If Oman is driven by cheap energy, Indonesia is driven by “scenario opportunities.” Indonesia boasts the world’s second-largest geothermal reserves and is backed by the booming Southeast Asian digital economy, including companies like Shopee and TikTok. Cango is not only securing long-term, low-cost clean energy here, but also laying the groundwork for the future of AI inference. As AI moves from training to inference, computing power demands will shift from centralized clusters to edge nodes closer to users. Cango’s presence in Indonesia perfectly positions it at the cusp of Southeast Asia’s AI inference growth.
III. Valuation Restructuring: An Unpriced “Call Option”
Cango’s current balance sheet is extremely “sexy”: it holds $44.9 million in cash and over 7,000 mata uang kriptos. Q3 mining revenue reached $220 million, accounting for 98% of its total revenue. Even without considering AI, based solely on these liquid assets and mining cash flow, its current market capitalization is severely undervalued. Investors buying Cango are essentially buying a safety net of assets while simultaneously receiving a free call option on “AI computing power transformation.”

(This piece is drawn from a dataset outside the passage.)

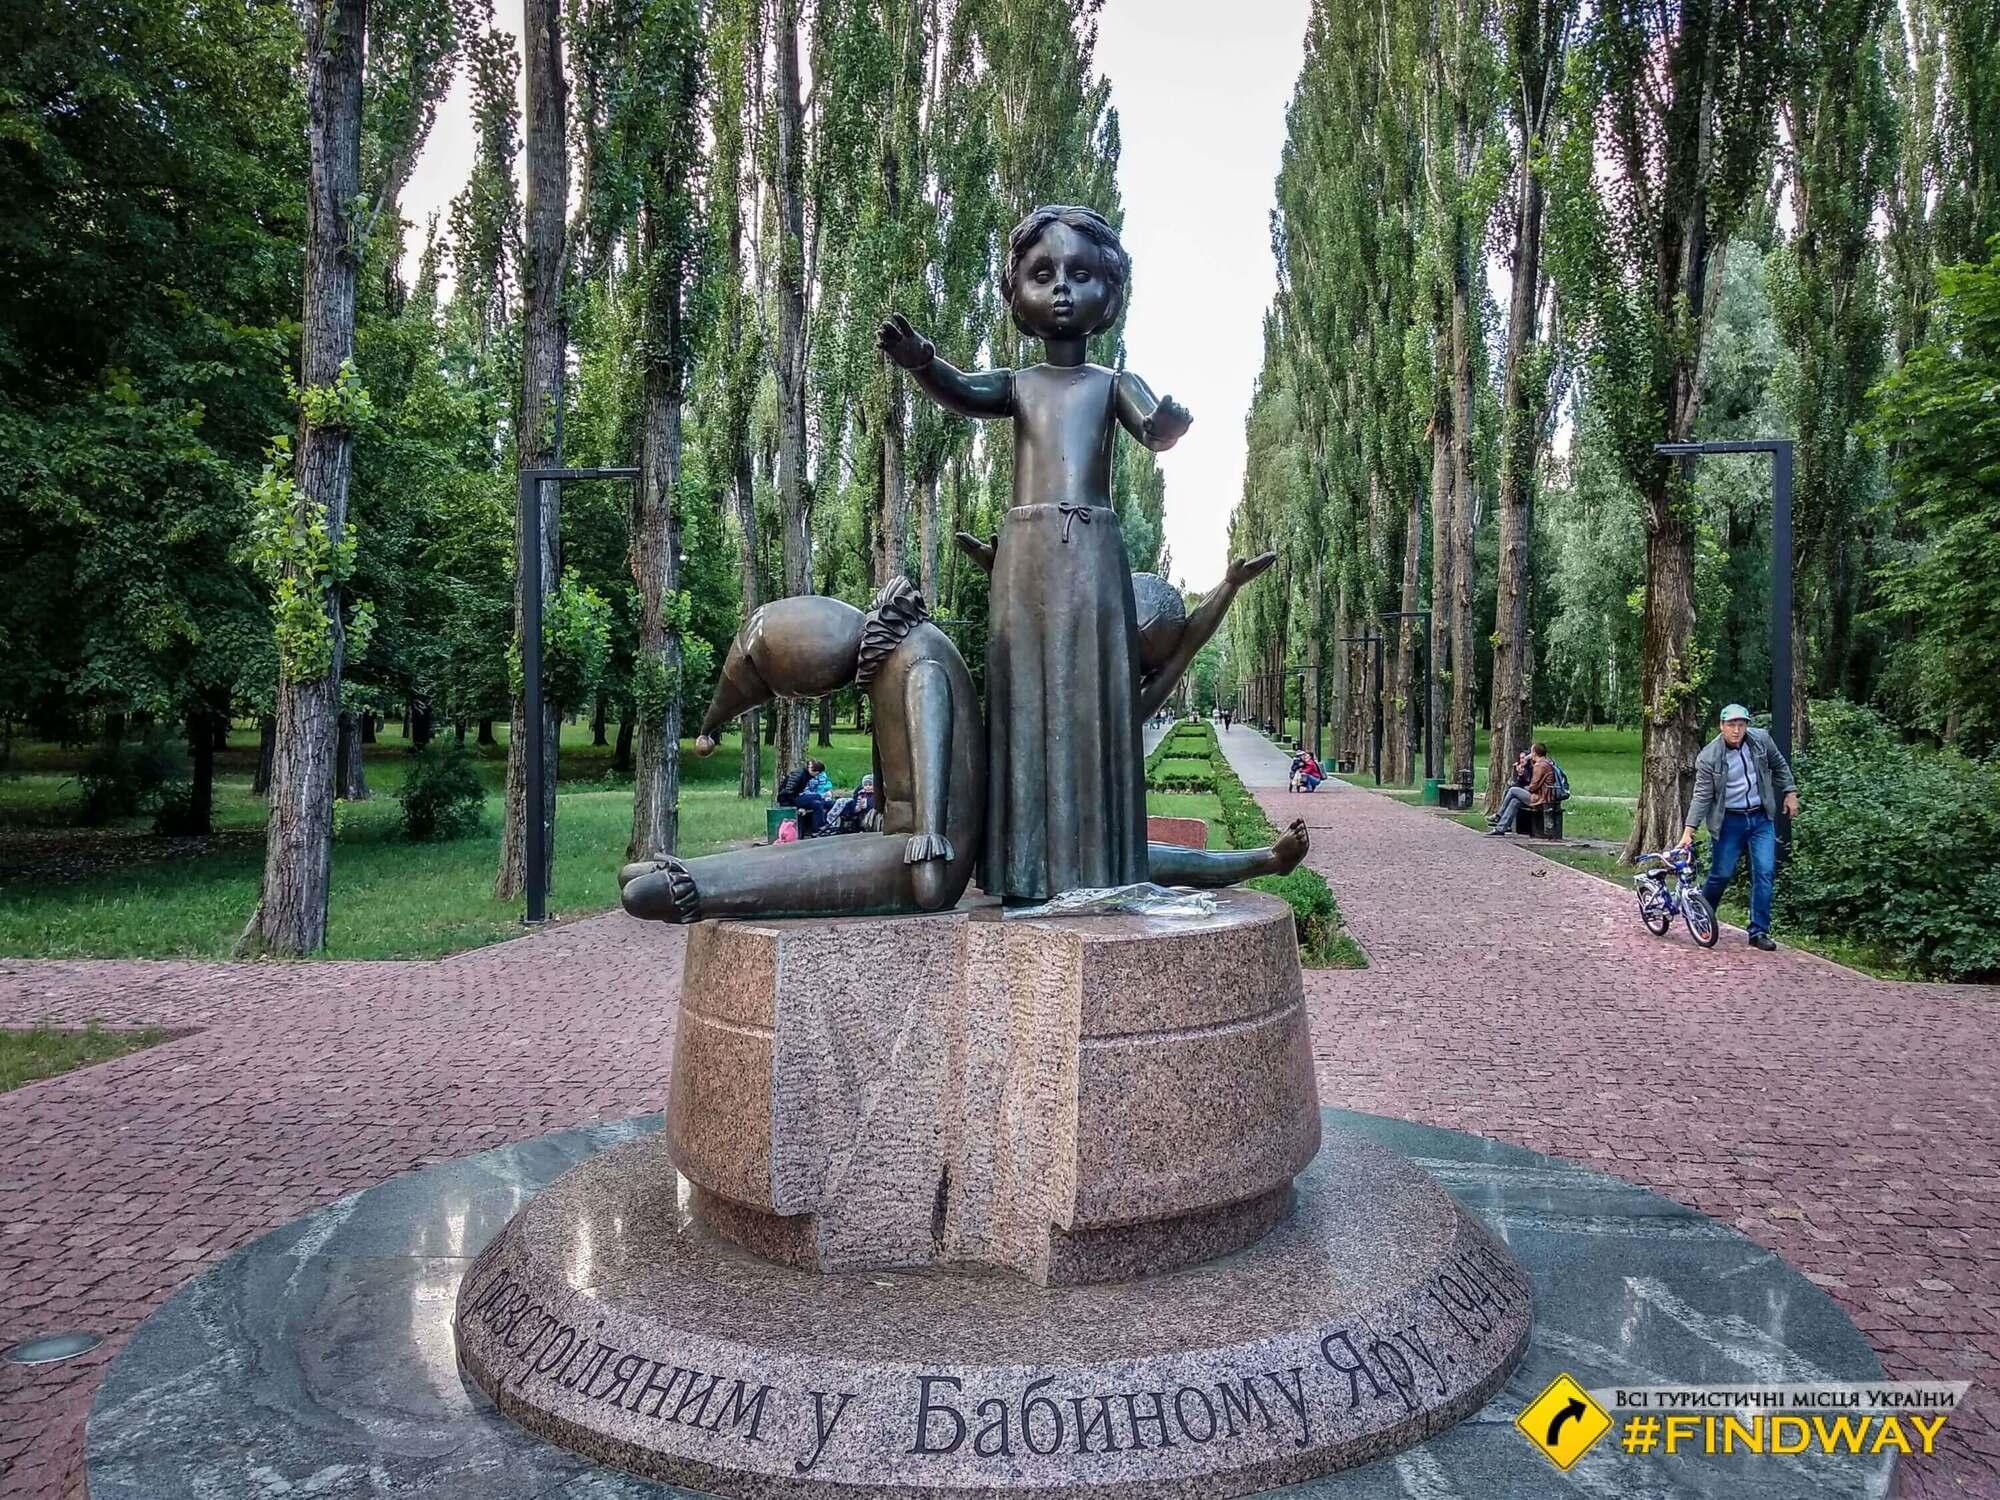 Памятник расстрелянным в Бабьем Яру.

Once the off-grid project in Oman proves successful, or the computing power leasing business in Indonesia begins to contribute substantial revenue, the market will have to shift its valuation focus from “mining stocks” to “AI infrastructure stocks.” At that time, Cango will experience a “double whammy” of improved performance and valuation.
Kesimpulan
Mining farms are more than just mining farms; they are land reserves for the AI era. Computing power is more than just numbers; it is the industrial output of the future.
Cango’s experiment is essentially a gamble on the future: the ultimate competition for computing power will no longer be about chips, but about the redistribution of global energy resources. It has transformed itself into a speedboat that can freely switch between “digital assets” and “AI computing power.”
For investors, understanding the underlying logic of this “energy + computing power” shift may be the key to finding the most authentic “valuation switch” that has been obscured by market sentiment.